When we went back to the highway, we
got picked up within about fifteen minutes. This was
the same man that had given us a ride two days earlier.
He was on a business trip through this part of Argentina,
and he had to stop in several towns yet. Whenever
he did, he left us by the side of the road to find
other rides, but when he drove by again a few hours
later we were still there, and he picked us up and
took us on. Eventually we found someone who was driving
a truck all the way to the Atlantic. That sounded
good to us, since Argentina´s main North-South
highway runs along there. So it came that we camped
that night right on the beach of the Atlantic Ocean.
The next day we spent indoors at a gas
station (we were getting tired of standing in the
Patagonian wind), asking people who stopped there
whether they could give us rides. It turned out to
be several hours before we found two Chilean truckers
who took us along for a stretch. We tried again where
they dropped us off, but to no avail. Hitch hiking
in Argentina is extremely slow, in my experience.
Part of it is that, like North America, Argentine
trucking companies have these silly little laws about
their drivers not being allowed to pick anyone up.
Notice how in the movies, when someone is reduced
to hitch hiking, they usually get a ride from a trucker?

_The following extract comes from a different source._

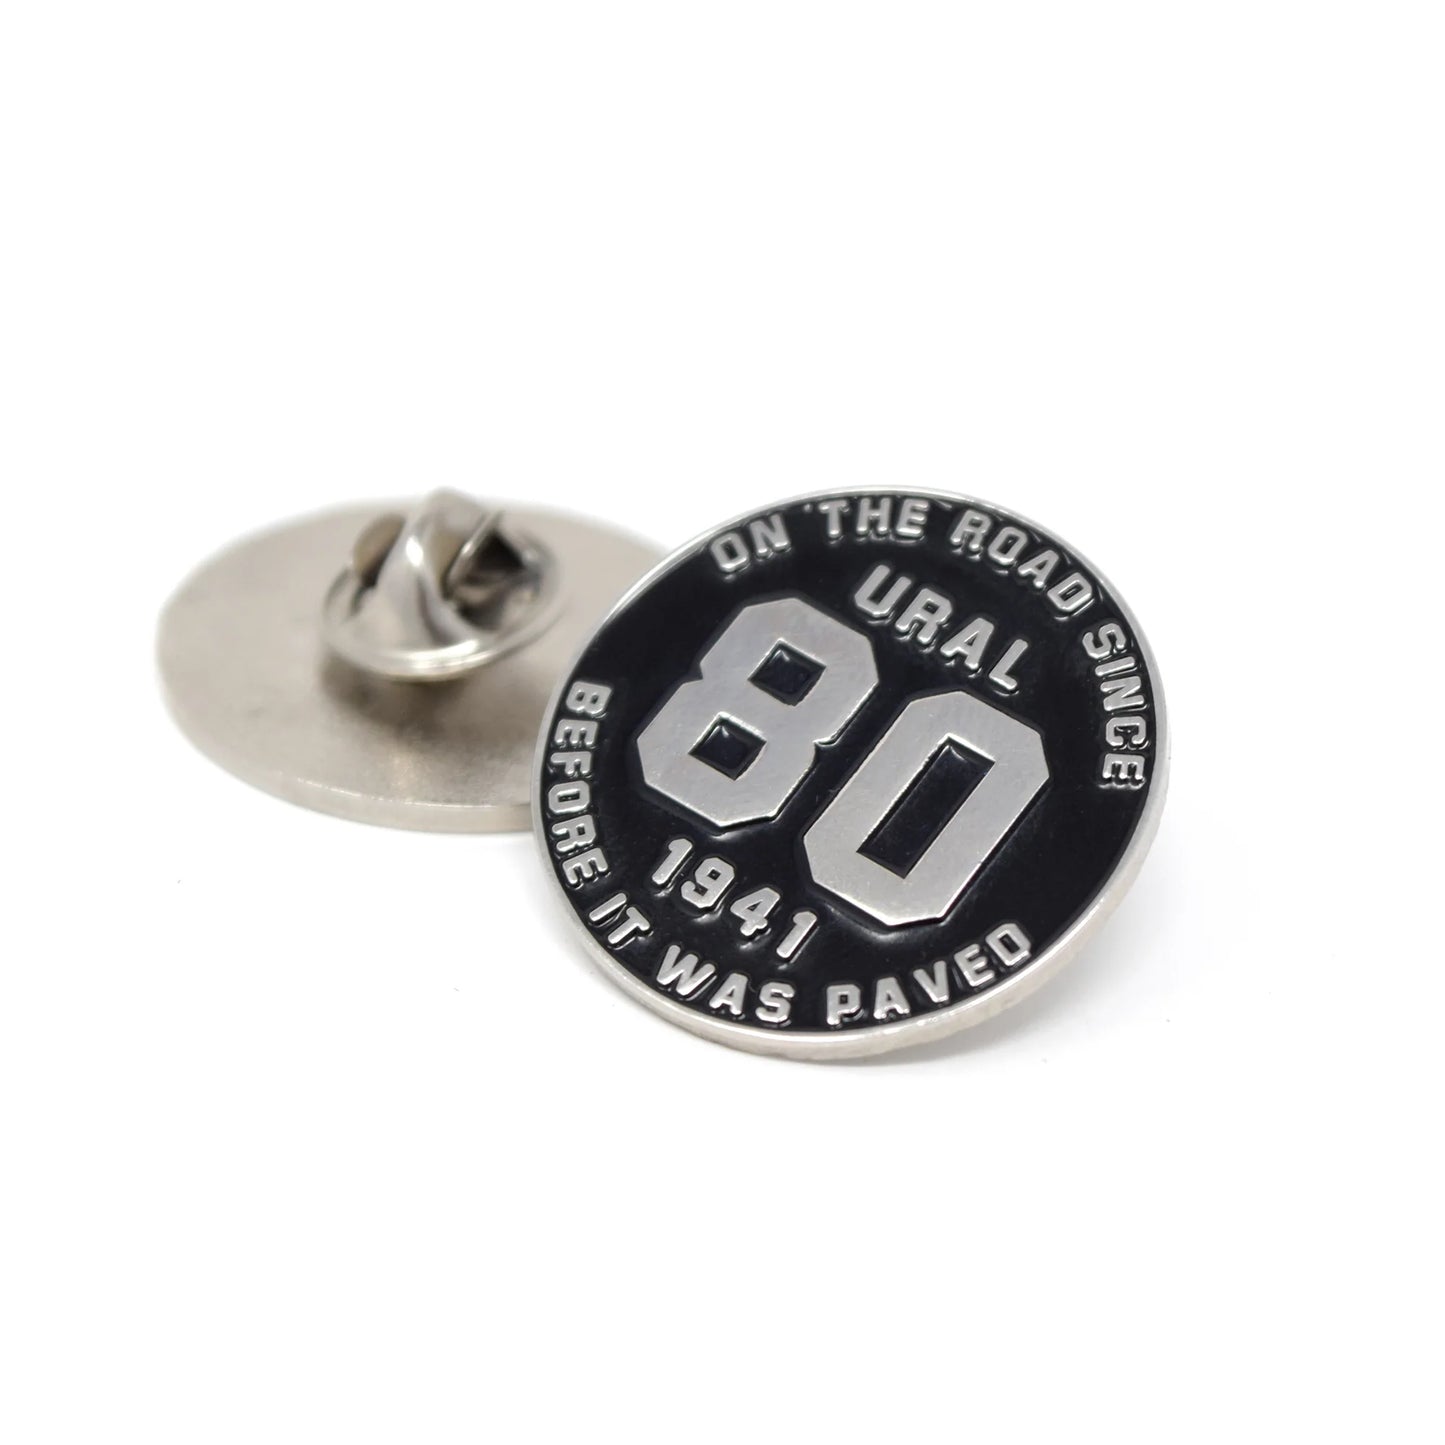 80th Anniversary Pin

Try hitch hiking in North America some day and then
come back and tell me with a straight face that Hollywood
reflects reality. In the older movies there might
have been more accuracy. But even more present-day
movies (i.e. "The Game" or "City of
Angels", etc.) show it like that. In my experience
the percentage of rides you will get from truckers
in North America is less than 1%.
Anyway, we spent the night under the
stars again, and once again it rained on us around
4 am. Man, judging by how dry the land looks in the
Argentine Patagonia, one wouldn´t think that
one would get rained on so often.
The next day we had to wait several hours until we
found someone (not a trucker) who took us to the next
town. There we hung out at a gas station again, watching
MTV and getting really depressed at what sort of music
is successful these days. I mean, top 40 has always
been on the banal side of things, but a lot of this
was leaving a bad taste in my mouth. After several
hours of that, (not much traffic and no rides) we
were finally ready to take the bus. On my way to the
bus terminal (I was going alone to inquire about routes
and schedules), I saw two trucks with Chilean license
plates outside of a restaurant. I walked in and located
the drivers and asked where they were headed. It turned
out they were going to Punta Arenas. After some conversation,
they agreed to take us along. Hooray.
So here we are. It is interesting because,
apart from the German backpacker mentioned in the
previous eMail, we have met very few other tourists
on this trip. That has been really nice, because even
when I am a tourist I don´t usually like tourists.
But here in Punta Arenas it´s just full of tourists,
even though the season is officially over. We are
staying at a pretty cheap hostal (it´s very
cold down here, and we´re not wanting to stay
in our tent more than we have to) and meeting people
from Belgium, England, Scotland, Australia (of course),
Denmark and the United States. A lot of them have
just come from the hikes that we are wanting to do
soon, so it´s encouraging to talk with them
about their experiences.
Well, that´s all I can think to
write right now. Our time in Tierra del Fuego should
not take much more than a week, and after that we
will be coming through Punta Arenas again. I don´t
know how the internet connections on the island are,
so I may not write again til the first week of April.